Voronoi neighborhood features are calculated based on Voronoi diagram/Delaunay triangulation. For a 3-D protein structure, individual atoms are devided into Voronoi polyhedra by Voronoi tessellation partition. In the Voronoi diagram (Delaunay triangulation), a pair of residues are defined as Voronoi neighbors if there exists at least one common Voronoi facet between heavy atoms of each residue. The Qhull package [61] is used to calculate Voronoi/Delaunay polyhedra. For the target residue r and its Voronoi neighbors n {n = 1, …, m}, the Voronoi neighborhood property of the feature i is defined as:

\begin{matrix} V D_{i} = \sum_{n = 1}^{m} P_{i} (n), \end{matrix}

(10)

where P_i(n) is the score of the residue feature i for neighbor n.

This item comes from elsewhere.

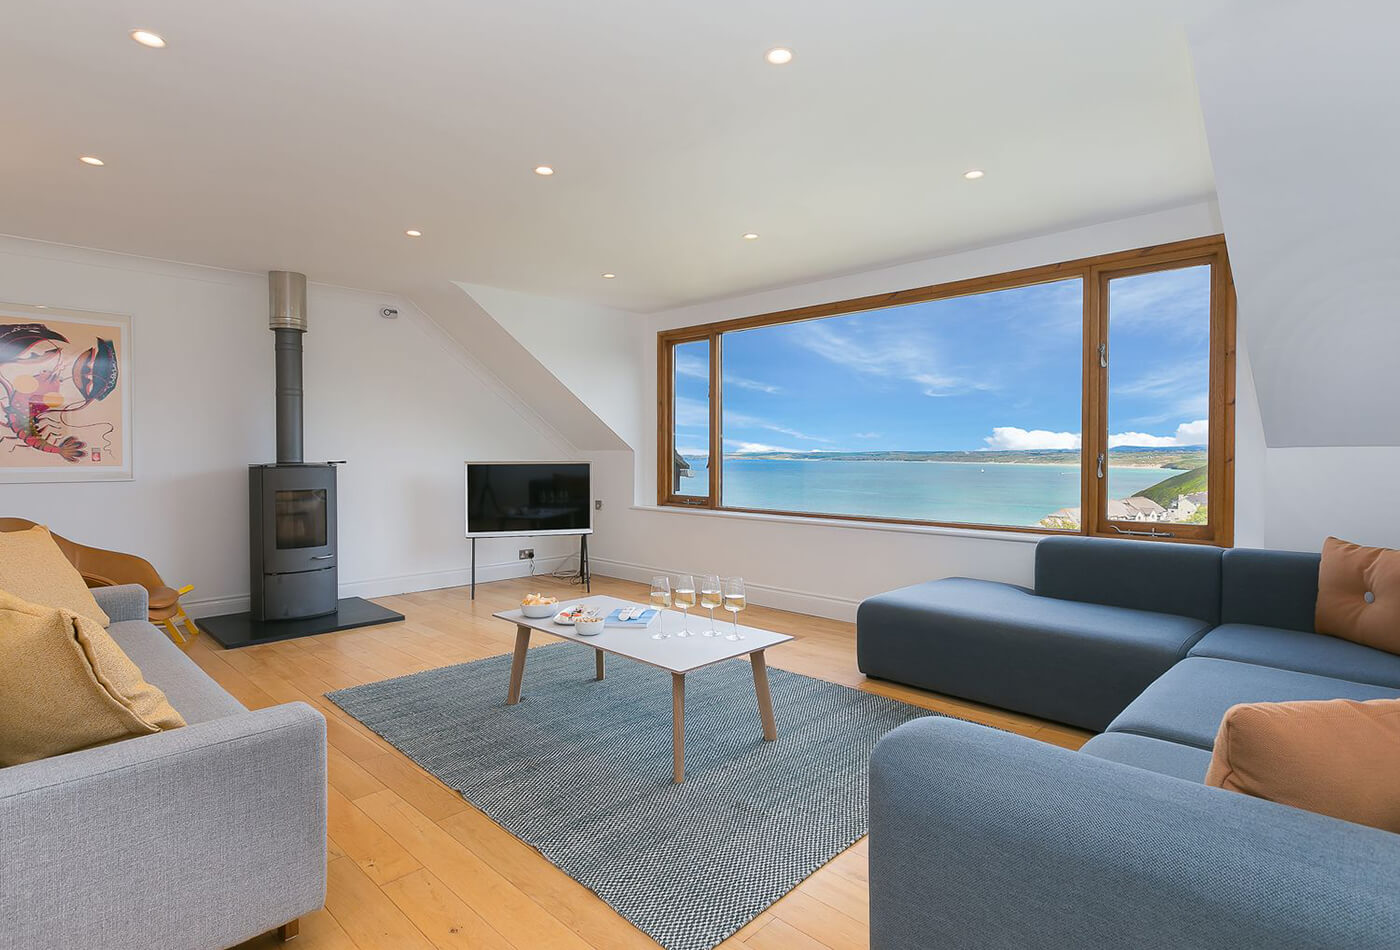 Bayside living area with sea view - thinking of buying a holiday let in st ives.

Feature encoding with neighborhood properties

For each sample, a combination of 1,287 (117*11) sequence neighborhood features, 117 Euclidean neighborhood features and 117 Voronoi neighborhood features are calculated. The sequence neighborhood features is generated by applying a sliding window of size 11 to incorporate the evolutionary information from upstream and downstream neighbors in the protein sequence.

Feature selection

The feature selection method improves the performance by removing some redundant features in high-dimensional data [62–65]. In this study, we propose a two-step feature selection approach to select the most important features for predicting the phenotypic effects of SAVs. First, we assess the feature elements using the stability selection [66] calculated by the RandomizedLasso package in the scikit-learn [67]. The idea of stability selection is that a feature selection algorithm is employed on subsample datasets and subsample features. The selection results are merged after repeating a certain number of times. Stronger features have higher scores (close to 1), while weaker features have scores close to 0. The score represents the importance of an individual feature for correctly predicting an SAV-disease association. Here, we select the top 152 features with the score larger than 0.2.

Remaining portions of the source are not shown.